I've been reading Kittel's book on Solid state physics and while it's been mostly smooth sailing, the abrupt loss of rigour in places in unsettling. In particular, the bits about scattering seem to be just thrown in here and there without any rigourous mathematical treatment at all. He talks about electron-phonon , phonon-phonon, and x ray - phonon scattering processes. What exactly are the mechanisms behind these processes. How and why does this kind of scattering occur. Further, how does phonon and electron scattering off a lattice imperfection occur? Surely, there must be some kind of theory behind scattering which makes all this rigourous. Secondly, he says that phonon-phonon scattering processes can only occur by an anharmonic interaction. I'm not sure if i've understood this. What exactly does this mean ? An lastly, Umklapp scattering. I get how the mathematics behind the whole things works out, but if you're claiming that momentum isn't conserved in a certain process, shouldn't you identify the force in play that makes it happen? Shouldn't there be some kind of 'recoil' or 'force' associated with the addition of a reciprocal lattice vector G. The book i'm using doesn't identify any such 'force' or 'recoil'. Thanks for all the help. Greatly appreciated. :)
No. I haven't. I've heard it's a much better treatment of the subject though. Would you recommend it highly ?
For Umklapp scattering, the assumption is usually that the "missing" momentum is transferred onto the crystal as a whole. For an (near) infinite crystal the mass is (near) infinite, such that the recoil velocity is (near) zero, and also the kinetic energy transferred to the crystal as a whole is (near) zero (p^2/2m).
But then wouldn't enough of these phonon-phonon U-processes cause the crystal as a whole to recoil with an appreciable velocity? Or an appreciable increase in the kinetic energy of the crystal.

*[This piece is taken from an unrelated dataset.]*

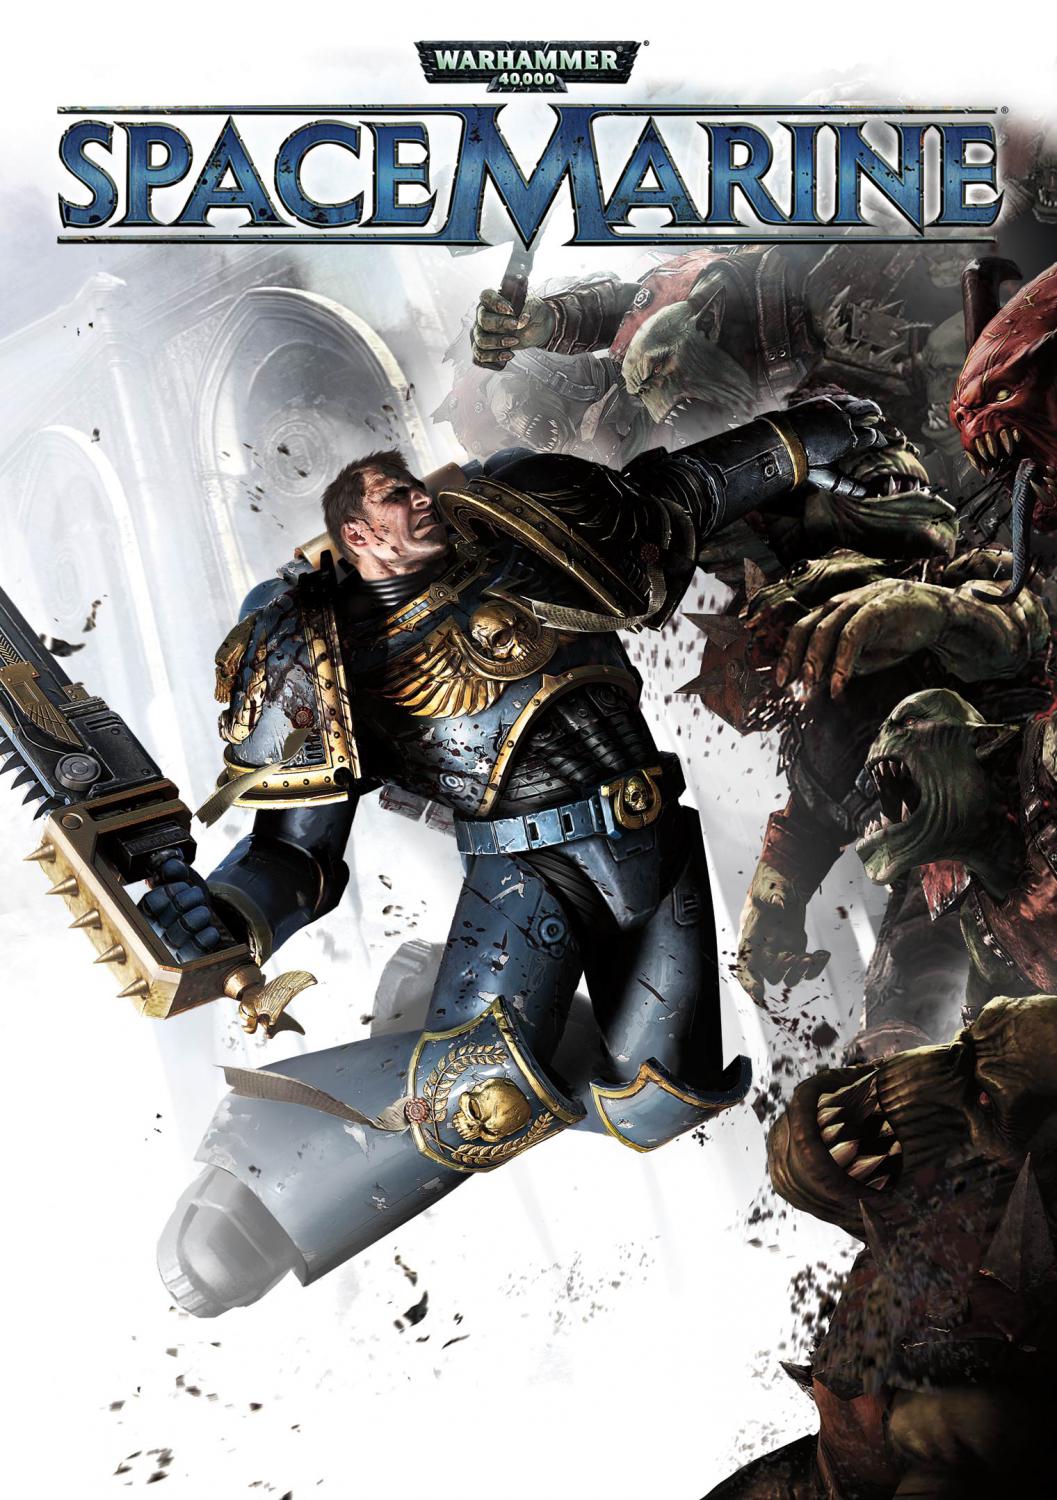 Warhammer® 40,000®: Space Marine®: Death Guard Champion Chapter Pack DLC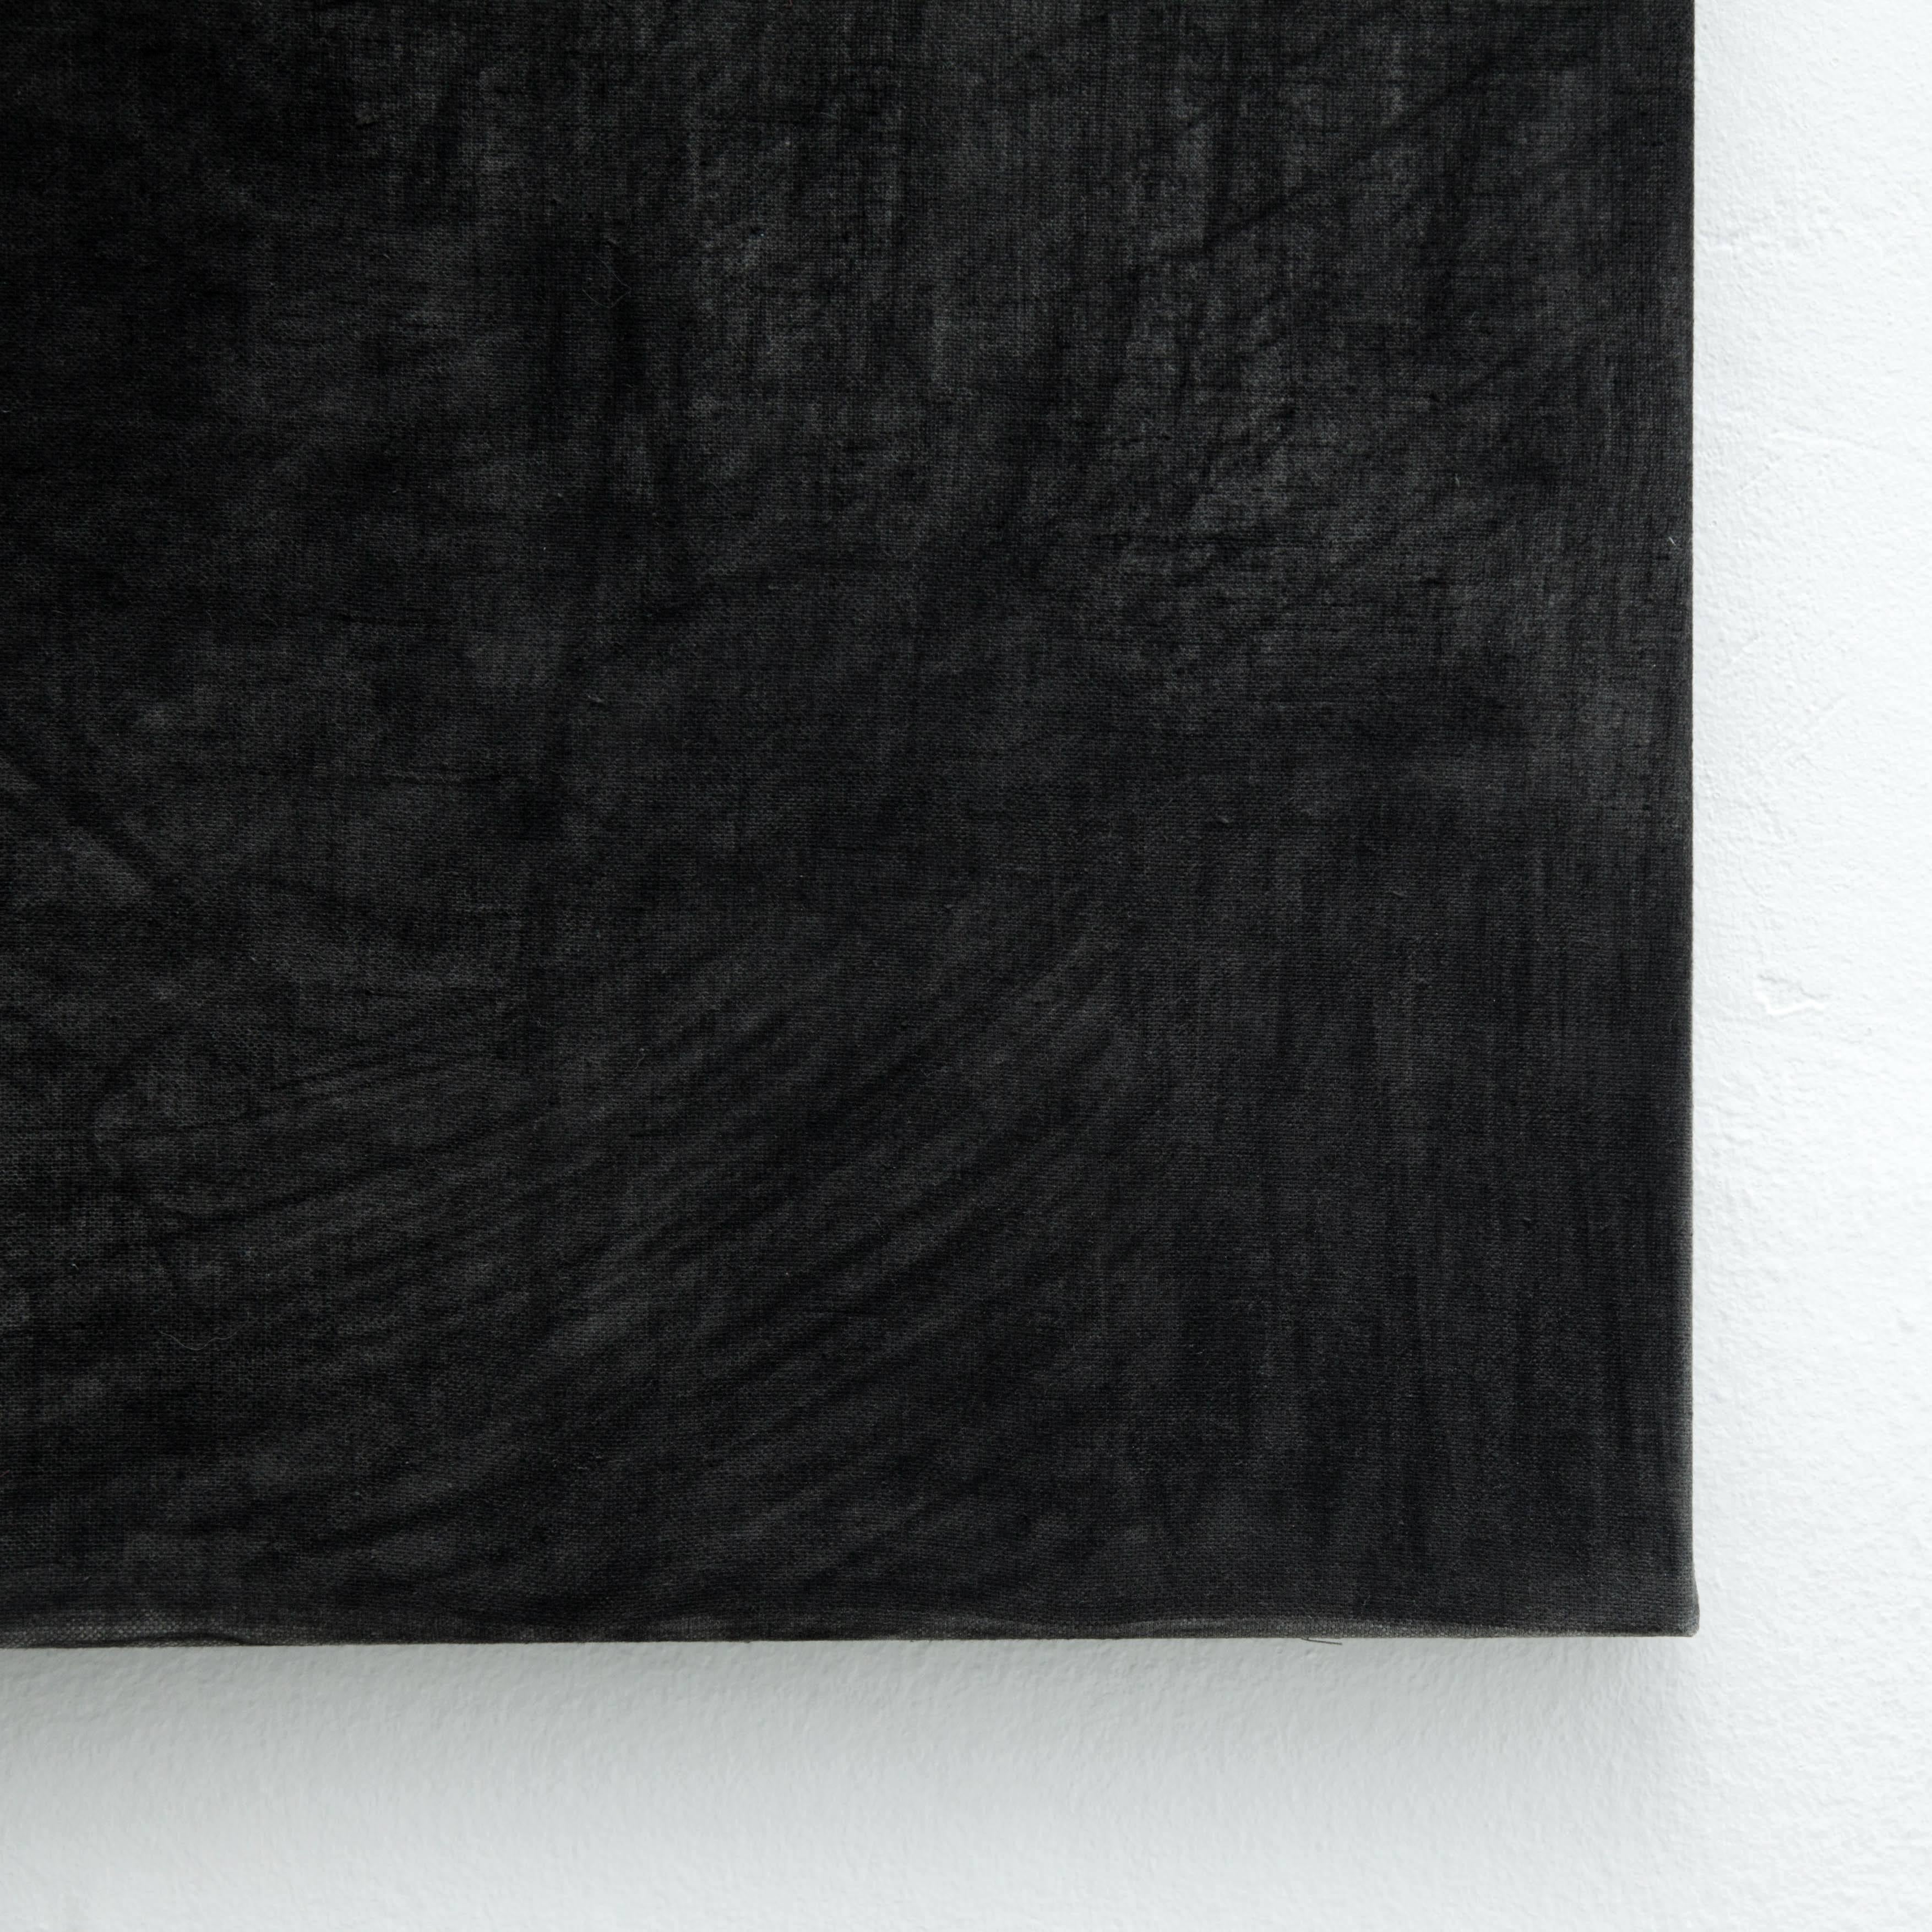 Spanish Enrico Dellatorre Black Painting

I also recommend very much Ashcroft and Mermin. A phonon is an eigenstate of the harmonic part of the hamiltonian, thus phonon phonon scattering must be due to anharmonic terms. You can check this expanding e.g. a Q^3 term in terms of phonon creation and anihiliation operators. Concerning Umklapp scattering, true momentum is conserved in these processes and is taken up by the crystal, however, for an infinitely large crystal, the change in energy is negligible. On the other hand, crystal momentum isn't conserved, but it is a completely different quality than true momentum.